ANCESTRALIZOU MÃE ANA DE OGUM SÍMBOLO DE RESISTÊNCIA NO COMBATE AO RACISMO RELIGIOSO

ANCESTRALIZOU MÃE ANA DE OGUM

ANCESTRALIZOU MÃE ANA DE OGUM SÍMBOLO DE RESISTÊNCIA NO COMBATE AO RACISMO RELIGIOSO

Mãe Ana de Ogum fez sua passagem no dia 8 de janeiro de 2026, em São Paulo (SP).

Por Maria Letícia Marques 

Mãe Ana de Ogum ou Agba Ana de Ògún era uma das lideranças mais respeitadas no candomblé, consagrando-se como um dos principais símbolos de luta contra o racismo religioso no Brasil. Formada na Casa de Oxumarê, a Ialorixá tornou-se referência na formação religiosa e na preservação das tradições de matriz africana.

“De trajetória irrefutavelmente ilibada, Agba Ana foi amada e admirada por todos que tiveram a honra de com ela conviver.
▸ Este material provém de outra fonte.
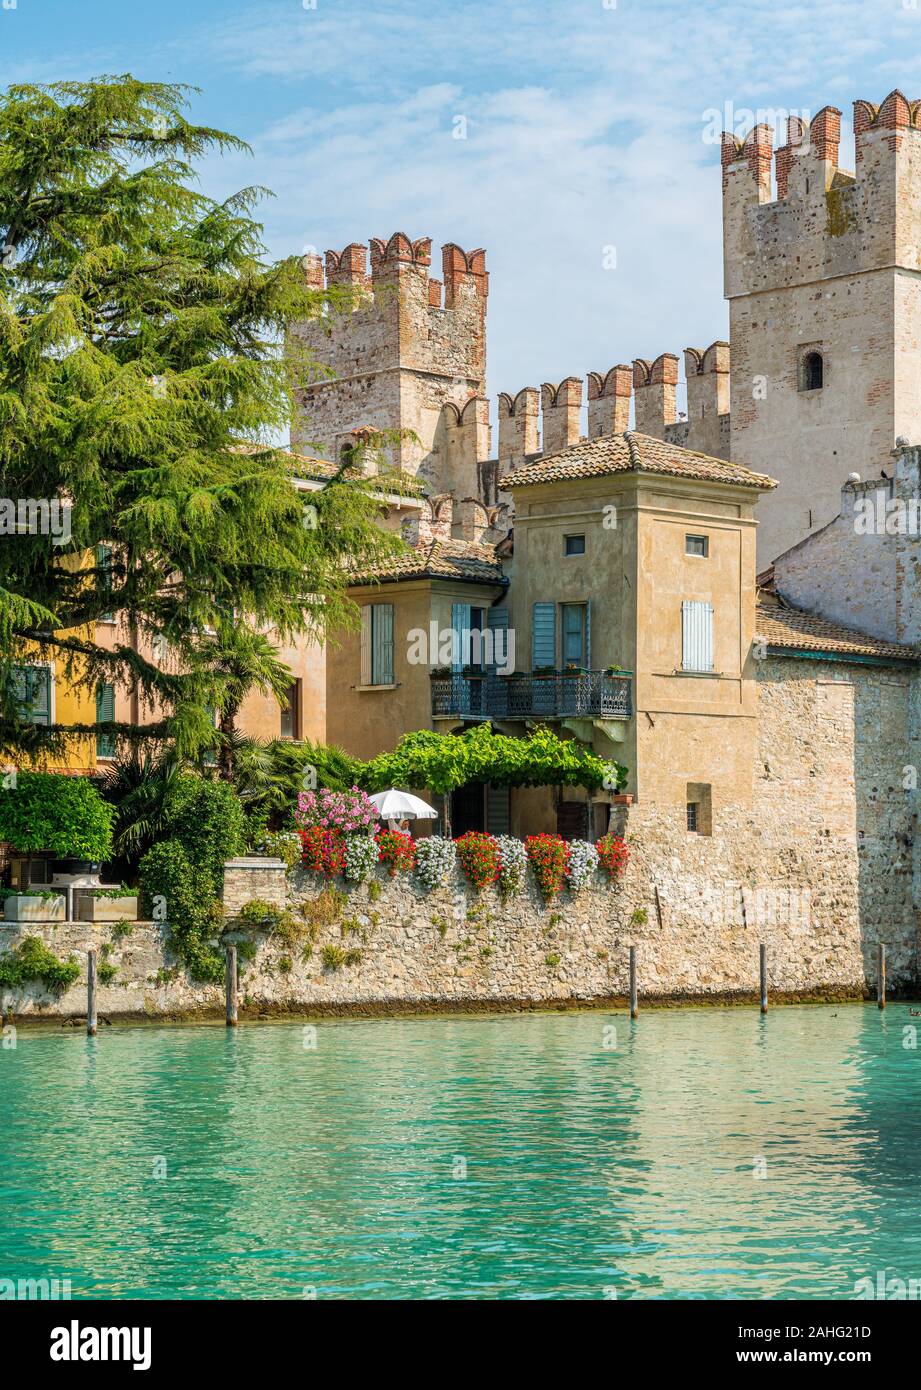 The picturesque town of Sirmione, on Lake Garda, Province of Brescia, Lombardy, Italy. Stock Photo

Mulher de fé inabalável, sabedoria ancestral e profundo compromisso com o sagrado, dedicou sua vida à preservação, ao fortalecimento e à transmissão dos valores, fundamentos e ensinamentos que sustentam nossa tradição”, diz a nota oficial do Terreiro Ojú Onírè, casa que ela liderava em São Paulo (SP).

A matriarca Agbá Ana nasceu em 7 de janeiro de 1944, em Valença (BA), mudou-se para Salvador aos nove anos e, em 1970, estabeleceu-se em São Paulo, onde assumiu a liderança do Ilê Axé Ojú Onírè, casa à qual dedicou-se por cerca de 56 anos. Além de ter um espírito coletivo, responsável pelo seu vulgo “Ana do Povo”, ela era conhecida por ser ativa na comunidade e ajudar quem precisava.

Era filha de santo da Mãe Simplícia de Ogum, da Casa de Oxumarê, na capital baiana, e conviveu com o candomblé desde a infância, sendo iniciada no culto aos orixás em 24 de maio de 1960, aos 16 anos. A Casa de Oxumarê é referência central da tradição nagô no Brasil. Ao longo do tempo, após ser formada pela Ìyálórìsà Simplícia de Ògún, Mãe Ana passou a integrar uma linhagem responsável pela proteção dos ensinamentos e princípios transmitidos ao longo de gerações.

Agbá Ana consolidou-se como liderança reconhecida no candomblé e passou a dedicar-se à formação de filhos e filhas de santo em diversas regiões do país (tendo como um dos principais objetivos a preservação do axé como herança cultural) e à atuação no Conselho de Religiosos da Casa de Oxumarê.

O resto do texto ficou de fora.